Table 2 summarizes our speed test results. The NLM Scrubber was indisputably the fastest of the three systems. As per the second column, the time taken to process 10k characters is roughly half as long as for Amazon Comprehend and an order of magnitude faster than for CliniDeID. Likewise, the characters processed per second (column three) is roughly

Table 2:

Key Speed Test Characteristics of the Three Systems

Tool Secs / 10k Char Chars / Sec Total Notes Secs / Note Notes / Sec
Amazon Comprehend 32.38 308.88 2269 0.57 1.75
CliniDeID 189.61 52.74 2304 3.39 0.29
NLM Scrubber 13.69 730.61 2300 0.24 4.09

twice that of Amazon Comprehend and, again, an order of magnitude more than for CliniDeID. As noted in column four, NLM Scrubber failed to process four notes. This failure was due to the presence of non-ASCII characters and should not bias our results. In contrast, the thirty-five notes not processed by Amazon Comprehend were the longest notes. The failure here has the potential to slightly increase the real average speed per note for this tool. As a final quirk of the timing evaluation, the CliniDeID and the NLM Scrubber tests were run on a different class of computer from the Amazon Comprehend tests. Amazon Comprehend is always run on an arbitrarily large cloud server in AWS. In contrast, the other two systems were run on a development server at MUSC with four dual core 2.66 GHz processors and 32 GB of RAM.
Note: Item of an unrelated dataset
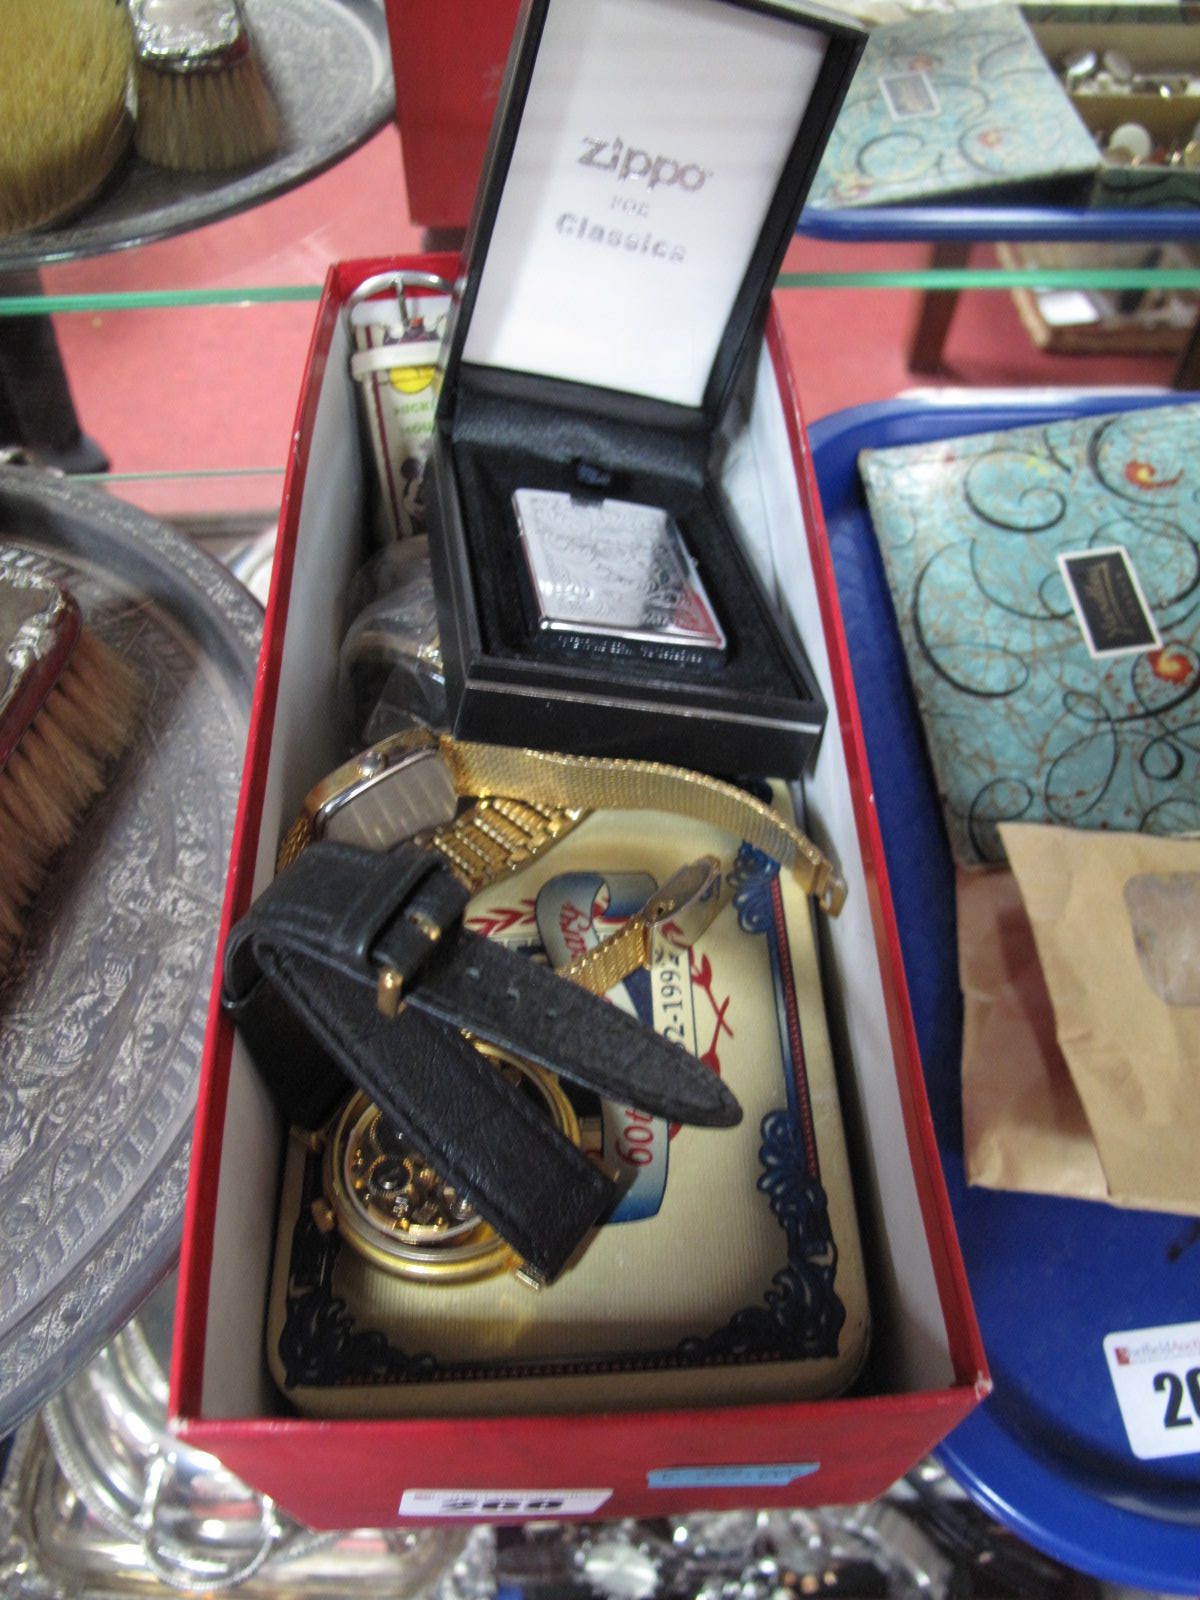 Seiko, Accurist, Mickey Mouse, Quemex, Cartiear and Other Watches, two Zippo and other lighters.

Figure 2 presents a visual overview of the relative performance metrics for our tools. The complete data underlying these graphs is presented in Tables 3–8. The box-and-whisker plot highlights the full range of performance across the training and test splits for both corpora. That is, four individual data points are summarized by the box-and-whisker. To see the specific performance on the test split for each corpus, refer to the tables at the end.

Figure 2:

Figure 2:

Accuracy for shared categories (left), specialty categories (center), and at the PII supertype level (right)

At a high level, across categories, CliniDeID reliably outperformed the other two systems. ADDRESS is the only category for which Amazon Comprehend did not clearly beat NLM Scrubber. The two systems are roughly equivalent in terms of F1 with Amazon Comprehend having a higher recall score and NLM Scrubber having a higher precision.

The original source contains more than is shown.